Alex verliere ich irgendwann, aber seine kleine Schwester Steffi nicht. Die ist ein paar Jahre jünger als ich und schon ein paar Jahre weiter. Was nicht so schwer ist. Steffi fand ich immer schon gut, man kennt sich aus dem Schulbus. Irgendwann übermannt mich die Begeisterung (für Angus, für die Songs, für Steffi), und ich drücke ihr einen Kuss – auf die Wange, wohlgemerkt, ich war ja schließlich mal Messdiener. Vielleicht lief auch gerade „You Shook Me All Night Long“, weiß ich nicht mehr. Wobei ich damals sicher nicht wirklich verstand, wovon Brian da sang.

Ab da wird das Konzert *noch* besser, wenn das denn irgendwie geht. Die allerallerbeste Band der Welt und dazu die alleraufregendsten Erlebnisse, die man sich als Adoleszent so wünscht. Burner! Für Nerdmaster2000 mit einer Eins in Mathe und einem Zweitwohnsitz in Aventurien nicht so schlecht. Was etwas damit zu tun haben könnte, dass ich ein paar Monate vorher das erste Konzert mit meiner ersten Band „Fridge“ gespielt habe. An der Leadgitarre, wie Angus! Da hat sich wohl was entzündet…

AC/DC kloppen alle Hits raus, „Hells Bells“ und „T.N.T“ zum Beispiel, beide von Fridge gecovert selbstverständlich, aber auch „Heatseeker“ und „Who Made Who“. Manchmal passe ich bei den folgenden Songs nicht so richtig auf, zwinker, zwinker, aber insbesondere Bon Scott hätte das sicher verstanden. Die Musik feiere und fühle ich auch so, ein bisschen im Hirn und noch mehr in Herz und Arsch. Am Ende gibt es, Alter!, Kanonen! Kannte ich nicht. So laut, so geil.

Als Steffi und ich rausgehen, Hand in Hand, treffen wir Alex wieder. Der grinst nur. Wissend. Später wird „Sweet Little Sister“ von Skid Row zu meinem Lieblingssong, besonders, als ich den Text lese. Vor der Tür strömen die Leute in einer schwarzen, gut gelaunt grölenden Masse zu den Parkplätzen, es gibt wildverkauftes Dosenbier. Mit anderen Fans knubbele ich mich vor den Auslagen, die ein Shirtverkäufer auf dem Boden verteilt hat. Komischerweise mache ich mir wegen der viel älteren, größeren, böseren Mitrocker um mich herum so gar keine Gedanken mehr. „Einmal das da, Razors Edge, in L, bitte“. 20 Mark. Noch Jahre später denke ich, dass Bandshirts immer vor der Halle aus Sporttaschen raus verkauft werden. Warum L? Keine Ahnung. L fülle ich nicht mal heute richtig aus, trotz Pandemieplautze. Ich habe das Shirt selbstverständlich noch. Ich sollte es heute tragen. Egal, wie das aussieht. Und ich sollte AC/DC hören. Sehr laut. Denn vor 30 Jahren setzte sich endgültig was fest, das bis jetzt hält. Dabei bin ich mittlerweile älter als die AC/DC-Jungs es damals waren. Egal. That’s The Way I Wanna Rock’n’Roll. Happy anniversary to me.
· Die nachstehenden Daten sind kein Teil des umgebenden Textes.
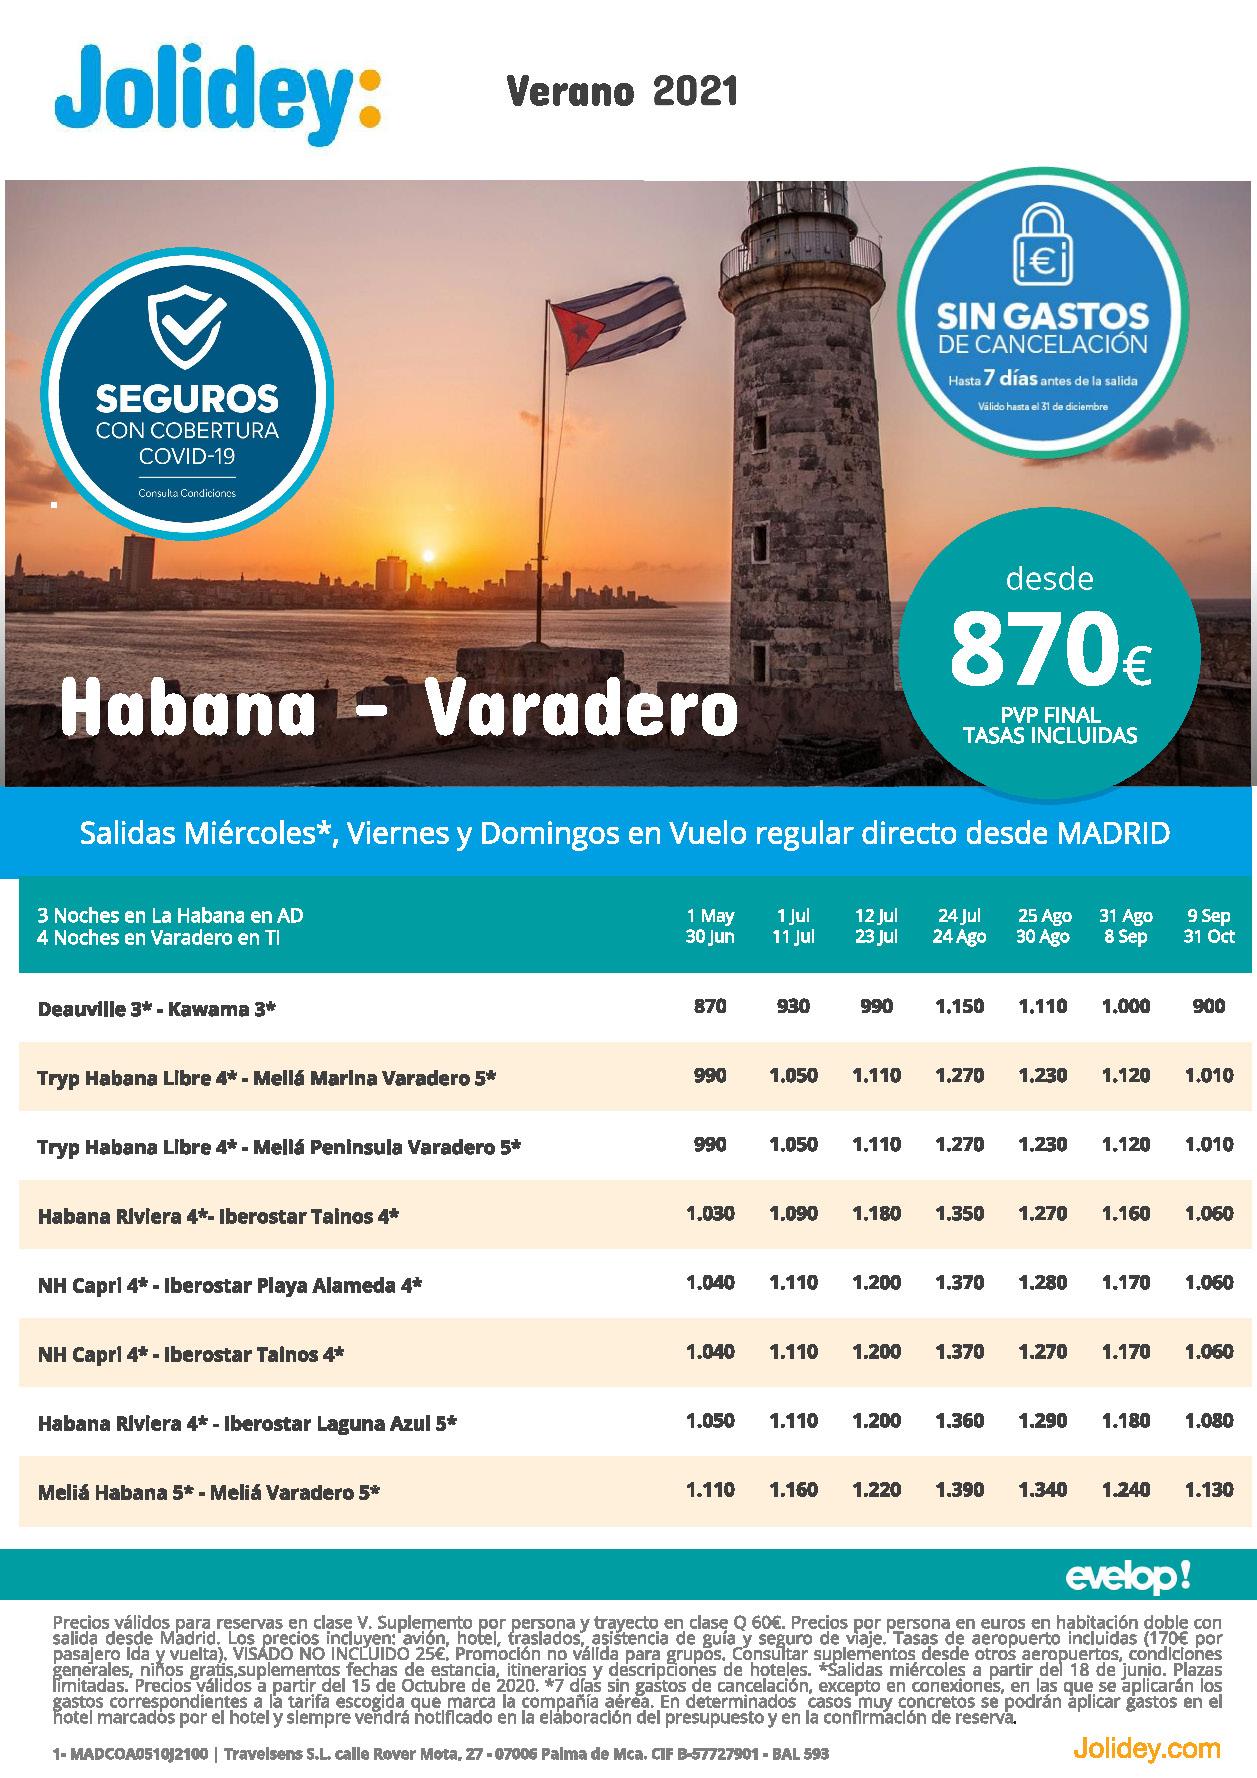 Oferta Jolidey Combinado La Habana-Varadero Cuba Verano 2021 vuelo directo desde Madrid

Epilog: Mit Steffi habe ich eben getickert. Nach der AC/DC-Show waren wir ein kurzes Weilchen zusammen, Teenie-Liebe, zumindest in meinem Fall. (Dabei spielt „Is This Love?“ von Whitesnake eine Rolle, ebenso Blind Guardian, Annihilator, die Zahl 12 und Quietscheentchen, aber das sind andere Geschichten.) Vor ein paar Jahren haben wir uns bei einer Rock Stories-Show in Bernkastel-Kues mal wieder getroffen, das war cool. Unsere Töchter sind gleich alt. Ihren Bruder sollte ich bei Gelegenheit anrufen, mit dem bin ich seit Schulzeiten befreundet. Man könnte sagen: Mit Angus auch.

3 Kommentare

Toll. Vor allem, wenn man genau so vom land kommt, fast gleich alt ist und gerade in einer Pandemie keine Konzerte besuchen darf. Ich würde sogar aldis rache trinken, vorm Eingang, wartend bei minus 5 grad… und gerne wieder mit muddi Proben.. irgendwann bestimmt. Pearl Jam wurde gerade auf 2022 verschoben.. Erst impfen, dann feiern..also doch. Es ist wohl kein fucking Albtraum. Bis dann, leimsen. Weiter so.
Timo

Hey Timo, Danke für’s Lesen. Ich weiß, was du meinst. Halten wir noch ein bisschen durch und hoffen, dass die Ignoranz der Leute nicht vorher alles kapott macht. Bis bald mal irgendwo, C.